=== Section Start ===
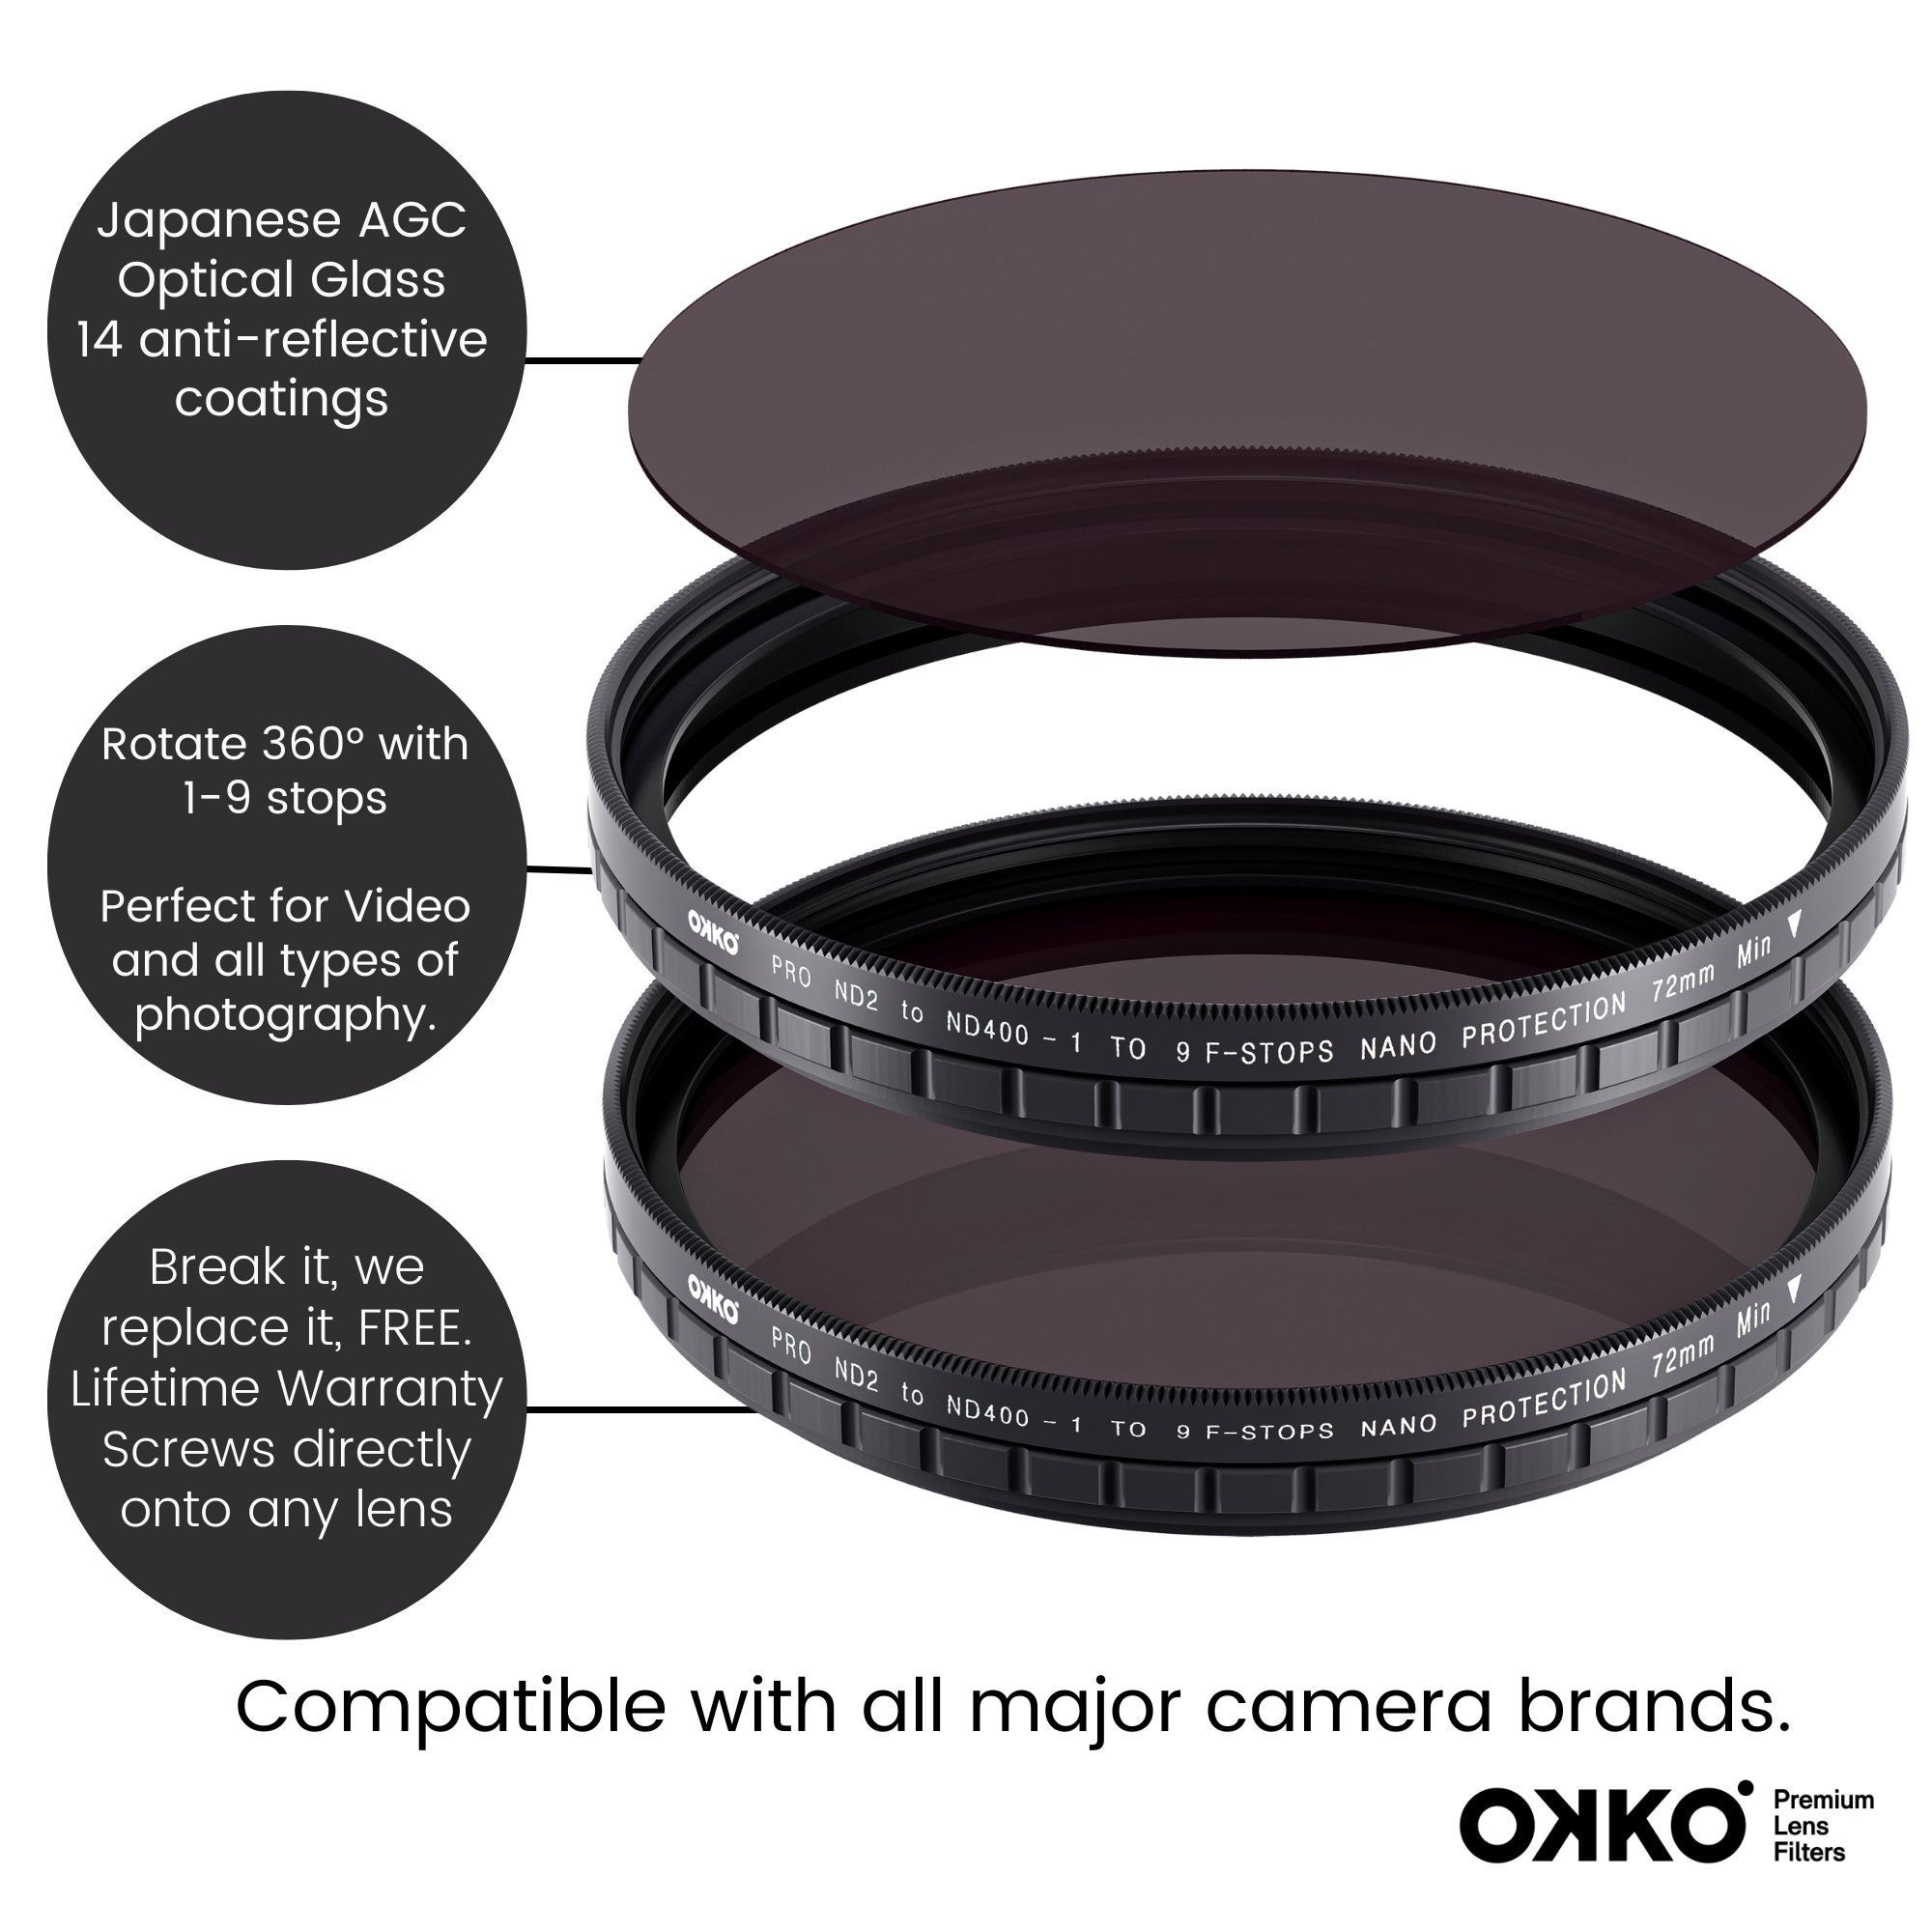 OKKO Pro Variable Neutral Density Filter NDV
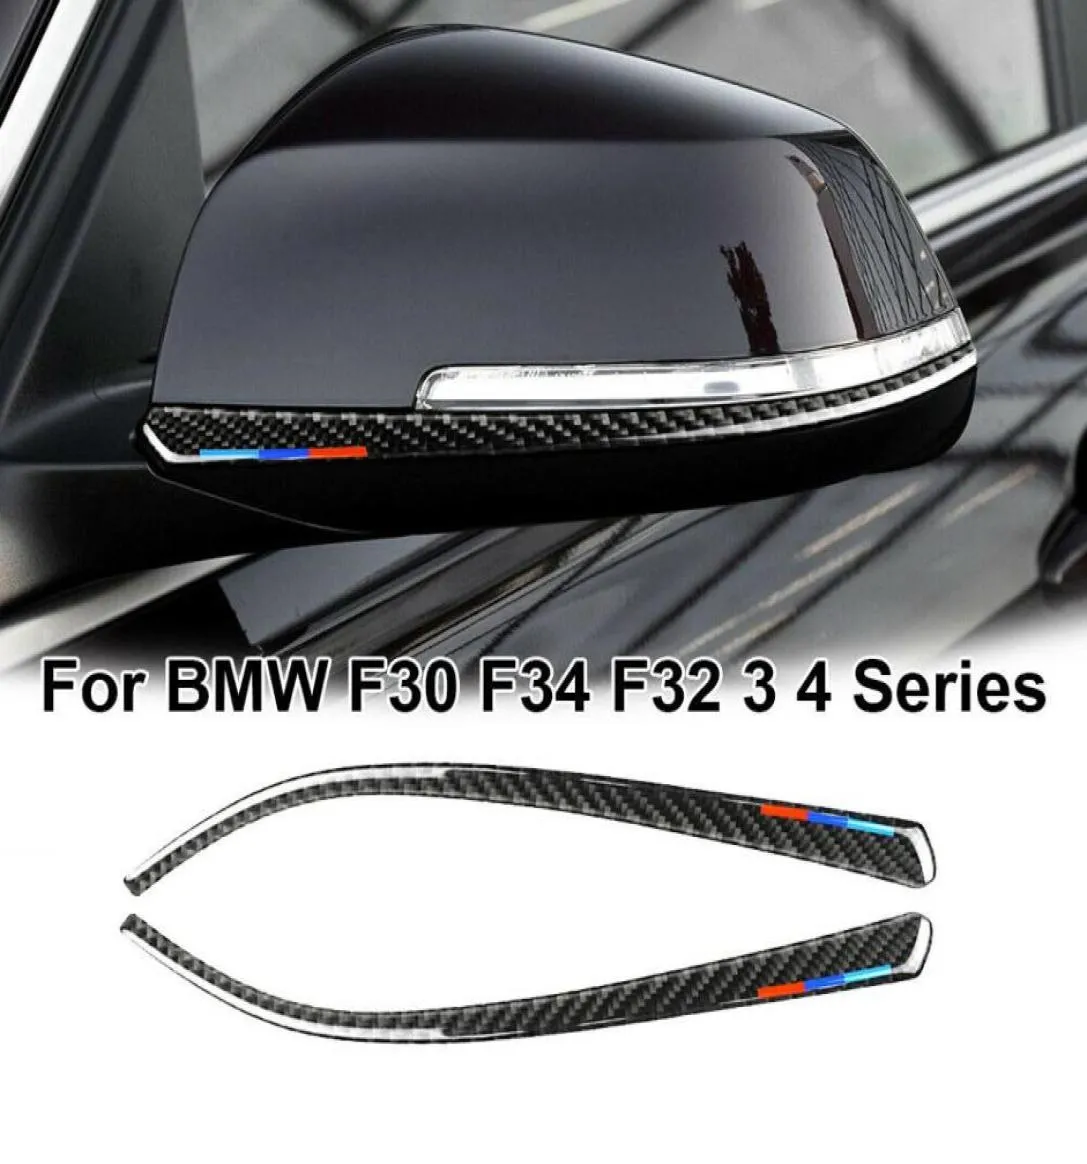 2x Car Rearview Mirror Strip Trim Sticker Cover For BMW F30 F31 F32 F33 F34 AL01 Car Styling Accessories6706284
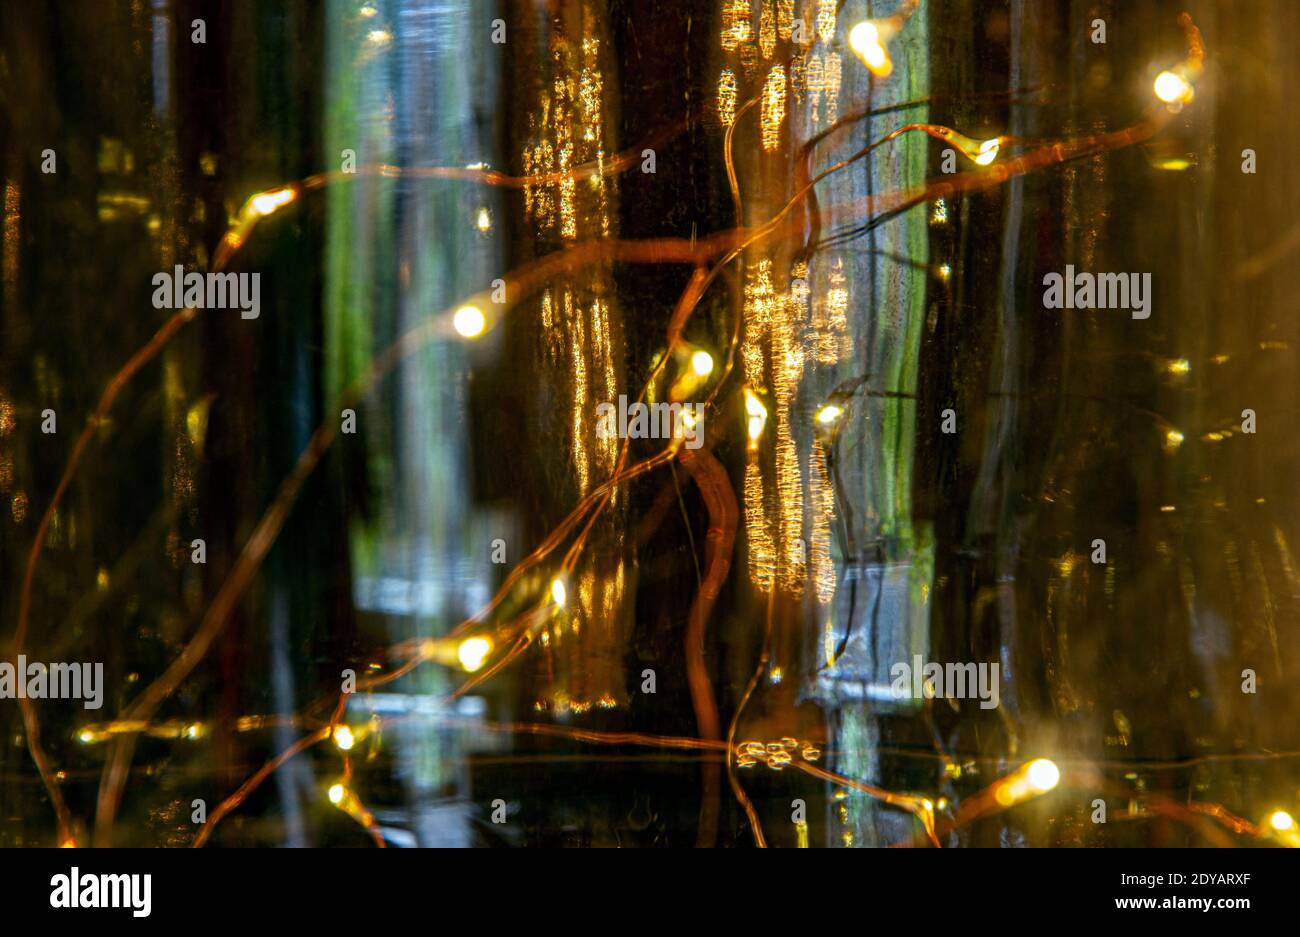 LED lighting in wine flagon Stock Photo
=== Section End ===
-- What is needed --
Retype the data word for word and keep the pictures out of it.

-- Expected answer --
 OKKO Pro Variable Neutral Density Filter NDV
 2x Car Rearview Mirror Strip Trim Sticker Cover For BMW F30 F31 F32 F33 F34 AL01 Car Styling Accessories6706284
 LED lighting in wine flagon Stock Photo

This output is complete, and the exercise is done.